Principal Investigators
Joel Allardyce
Inclusive Dates 
07/01/18 to 10/01/19

Background

Accurate, reliable, easy to use motion capture technology has long been the goal for biomechanics researchers. Measuring how humans move is the core knowledge upon which research into the internal kinematic and dynamic environment of joints is built. Over the past 30 plus years, marker-based motion capture systems have been the gold standard for measuring human motion. While incredibly useful, the limitations of traditional marker-based motion capture systems have spurred the development of “markerless” motion capture systems that aim to directly combat these challenges.

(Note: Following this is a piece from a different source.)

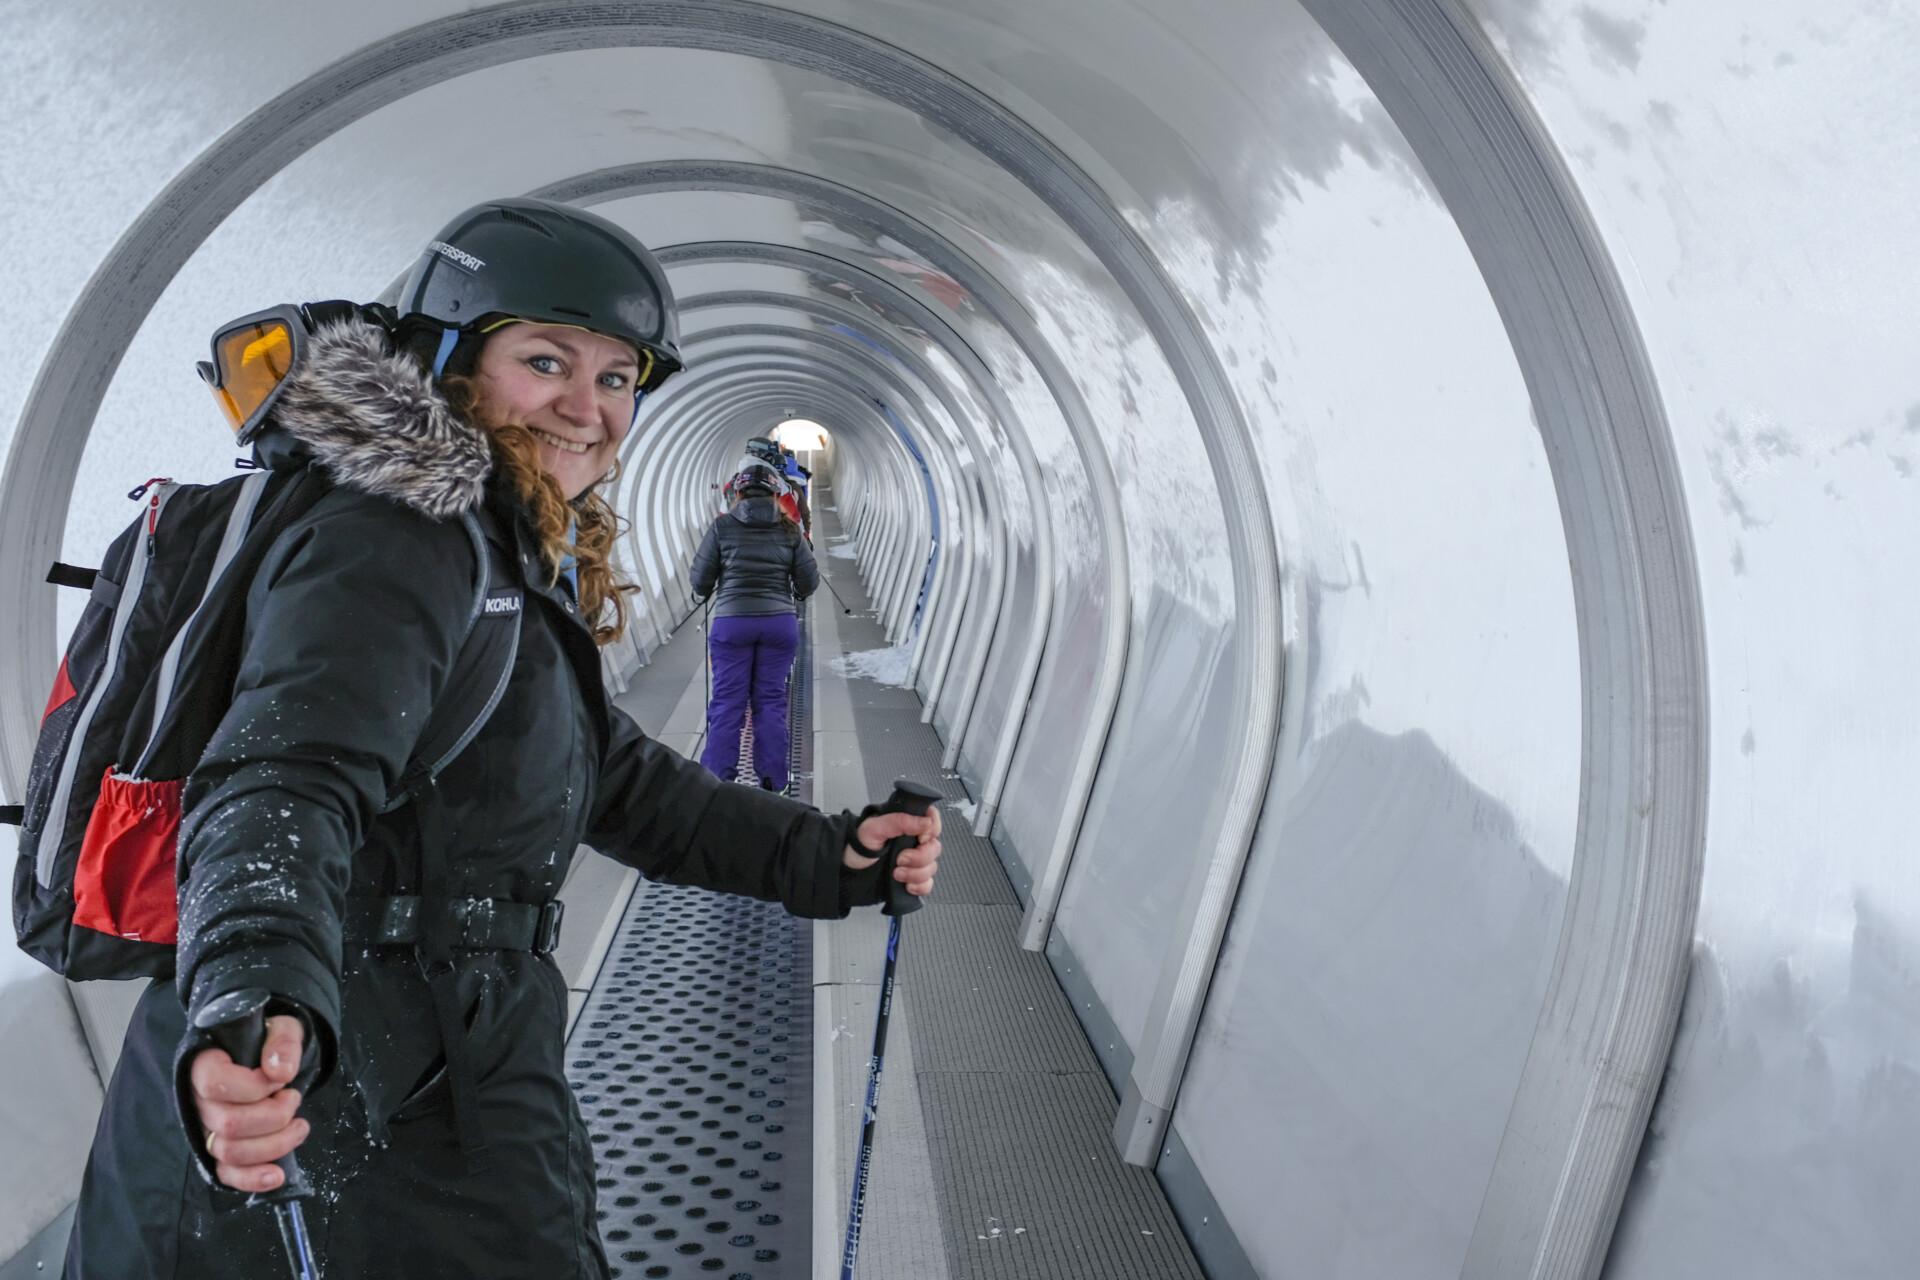 Skiskole lift

SwRI has developed our own makerless motion capture system that is based on a deep convolutional neural network (dCNN) framework. dCNN’s are machine-learning algorithms that require well-defined and accurate training data sets to teach the algorithm the relationships between the images and the underlying kinematics. These training sets are costly and time consuming to collect and process, putting undue strain on budgets and timelines of potential projects. We aim to directly address this cost limitation for capturing training data by developing a methodology to significantly expand and augment a limited training data set with synthetic data. The successful completion of this program will significantly reduce the cost and time requirements of training new markerless biomechanics neural networks.

Approach

In order to achieve the goals of this program, a semi-automated toolset was created for the generation of synthetic data. This toolset included a statistical kinematic model which can generate new unique motion samples constrained by the measured variability within a set of experimental data. This allows for an expansion of the included motion variability within the dataset. A tool to convert results from this model or experimentally captured data into a format compatible with the animation software package Blender is used to render the synthetic data takes. The toolset also includes an automated pipeline that can take a set of converted kinematic data and generate a complete synthetic data set, with multiple subjects, backgrounds, lighting conditions, clothing textures and more with minimal human interaction. Using the synthetic data generated with this toolset, a series of networks was then trained with different combinations of real and synthetic training data to investigate the effect the data, including synthetic data, had on measurement accuracy. Those networks were then assessed and compared to quantify those effects and identify the optimal combination of real and synthetic data.

Accomplishments

Over the course of the project we have developed a methodology and computational toolset with which to generate synthetic data for the training of a neural network. This toolset includes a statistical kinematic model to generate new unique motion samples constrained by the measured variability within a set of experimental data. As well as a tool to convert results from this model or experimentally captured data into a format compatible with the animation software package, Blender. This converted data is then fed into an automated pipeline that takes input kinematics, character models, and background and generates a complete synthetic data set with minimal human interaction. Using the synthetic data generated with the developed toolset, a series of networks were trained to assess the effect the data, including synthetic data, has on measurement accuracy. Improvements of up to 28% were seen for joint center position accuracy and 18.5% for joint angle accuracy. Accuracy improvements were not universal, however, with the biggest effect of including synthetic data being a leveling off of accuracy across all subjects. When deployed, the system must have consistent accuracy for any of the many varied subjects that it might be tasked to measure. This observed performance leveling will be critical to ensure success. Synthetic data will not replace experimentally captured data but can serve to augment it, significantly reducing the costs of collecting large training sets.